On June 5, another casualty in the European debt crisis emerged, as Spain announced that it soon would be unable to borrow in the bond market without assistance from other European Union nations. Emilio Botin, the chairman of Banco Santander, said about 40 billion euros, or $50 billion, in European funds would be needed to repair Spain’s banking sector, according to Bloomberg News.
Spain’s announcement launched unofficial negotiations over a deal to rescue the nation’s banks. As the euro zone’s fourth-largest economy, Spain is considered too big to fail “and possibly too big to steamroll, changing the balance of power in negotiations over a bailout,” write Nicholas Kulish and Raphael Minder in the Times on June 6. By demanding emergency aid for its banks, Spain tried to avoid the austerity measures and deep recessions faced by smaller nations such as Greece, Portugal, and Ireland.
Spain’s demands are bolstered by the fact that it did not run large budget deficits before the crisis.

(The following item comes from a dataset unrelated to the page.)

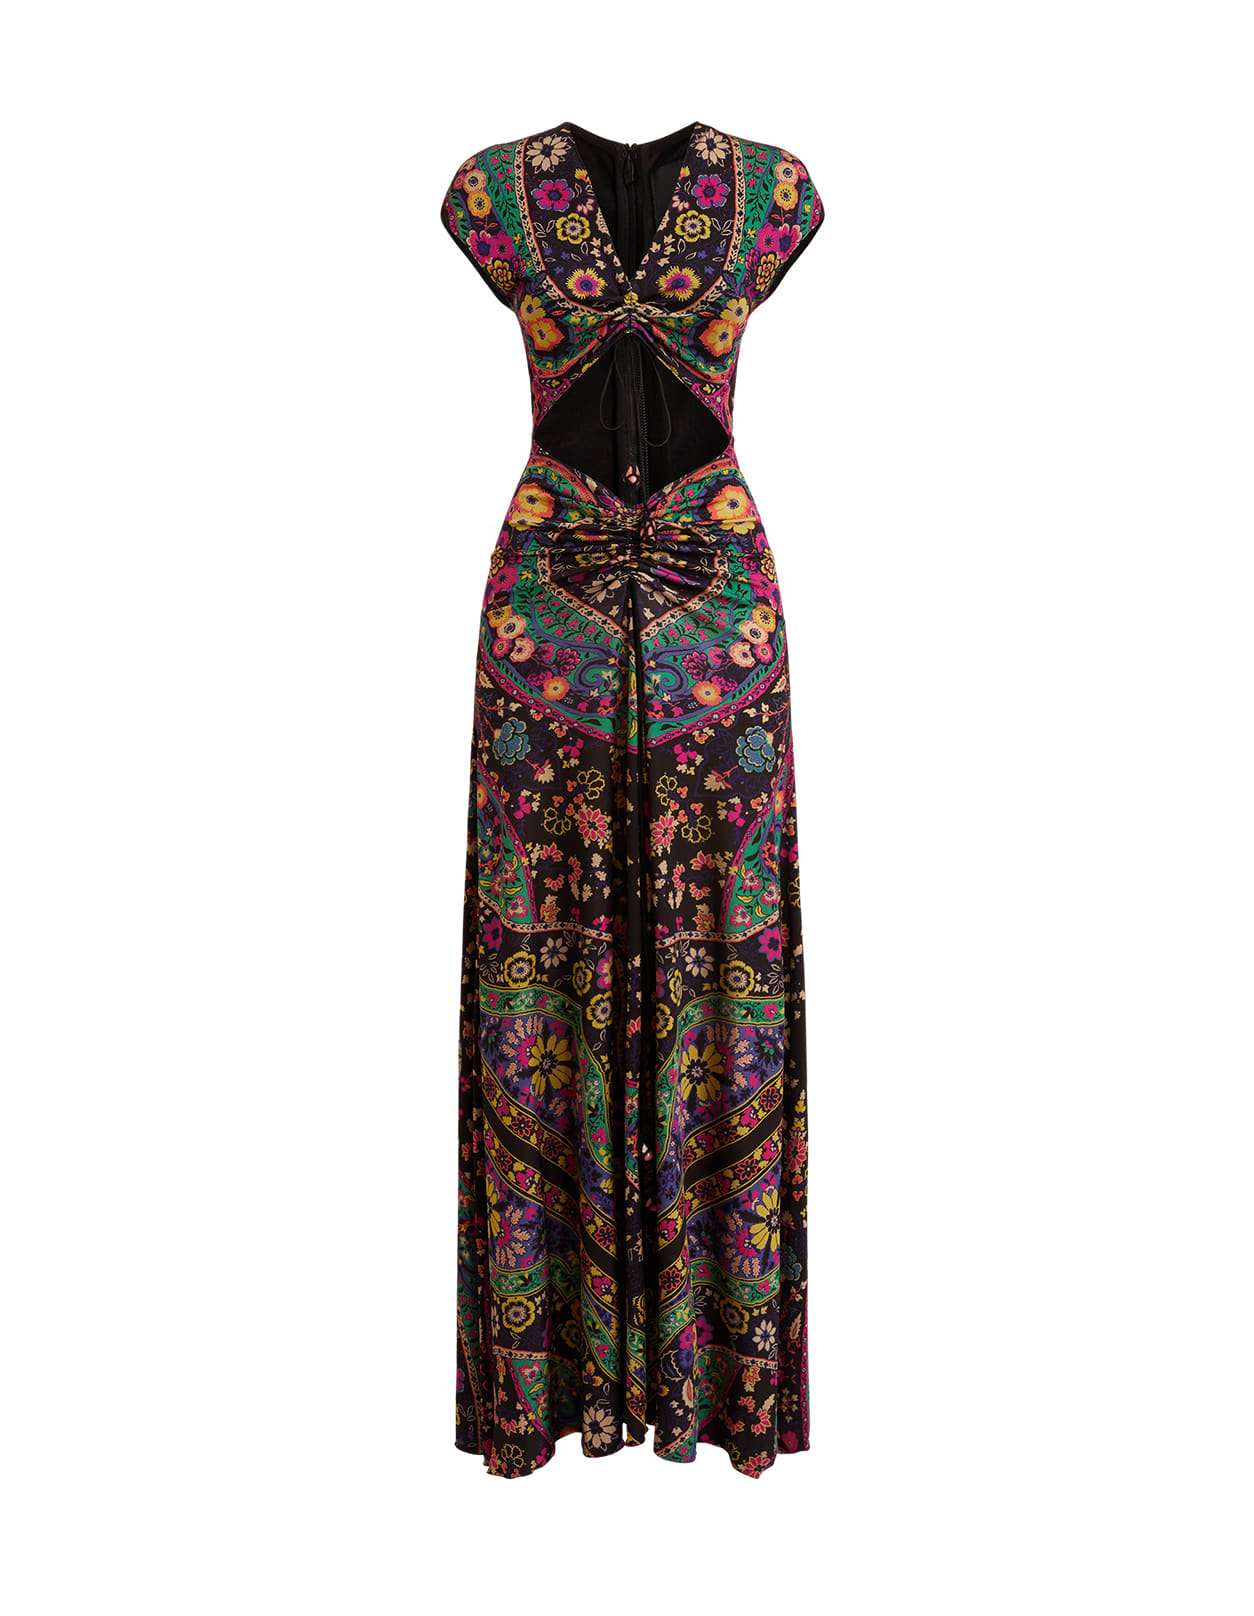 Etro Long Black Dress With Multicolored Floral Floulard Print

The nation has a lower level of debt as a percentage of gross domestic product than even Germany, the European model of fiscal restraint. As “calls for growth have begun to outweigh German insistence on austerity,” write Kulish and Minder, Spain planned to make a convincing argument that European aid to its banks should not be accompanied by a loss of governmental decision-making power over the Spanish economy and fiscal policies. Spanish leaders are pushing for a deal that only requires the country to tighten its oversight over the financial sector without affecting its budget powers. Because Spain has already adopted difficult changes and spending cuts, European officials were expected to be much more receptive to a bailout free of the austerity measures imposed on Greece and other countries.
Madrid’s “trump card in this latest game of euro-zone poker” says Kulish and Minder, is that a Spanish default and exit from the euro zone could be catastrophic. German officials privately pressed the Spaniards to take a bailout, a stance that gives Spain bargaining power, write Kulish and Minder: “the chance that it self-destructs implicitly holds the rest of Europe hostage until they agree to terms.”
On June 21, the Spanish government had to pay punitively high interest rates to sell its bonds, and it released audit reports indicating that it would need 62 billion euros to support its banking system. The release of the audit is expected to launch the Spanish government’s official negotiations with European leaders over the terms of a multi-billion bank bailout.
Spain’s banking crisis underscores how the European Union has lurched from one crisis negotiation to the next. “The strategy of plugging holes only works for so long,” Friedrich Mostboeck, chief economist and head of research for the Erste Group in Vienna, told the Times. “Eventually, you come to the point where a common euro area requires a common fiscal policy.”
This lack of a unified, guiding fiscal policy has given Spain and other troubled countries negotiating power – possibly at the expense of the broader European economy. The situation illustrates the value of establishing ground rules and policies before a crisis hits to make sure that you are playing on a level, fair field.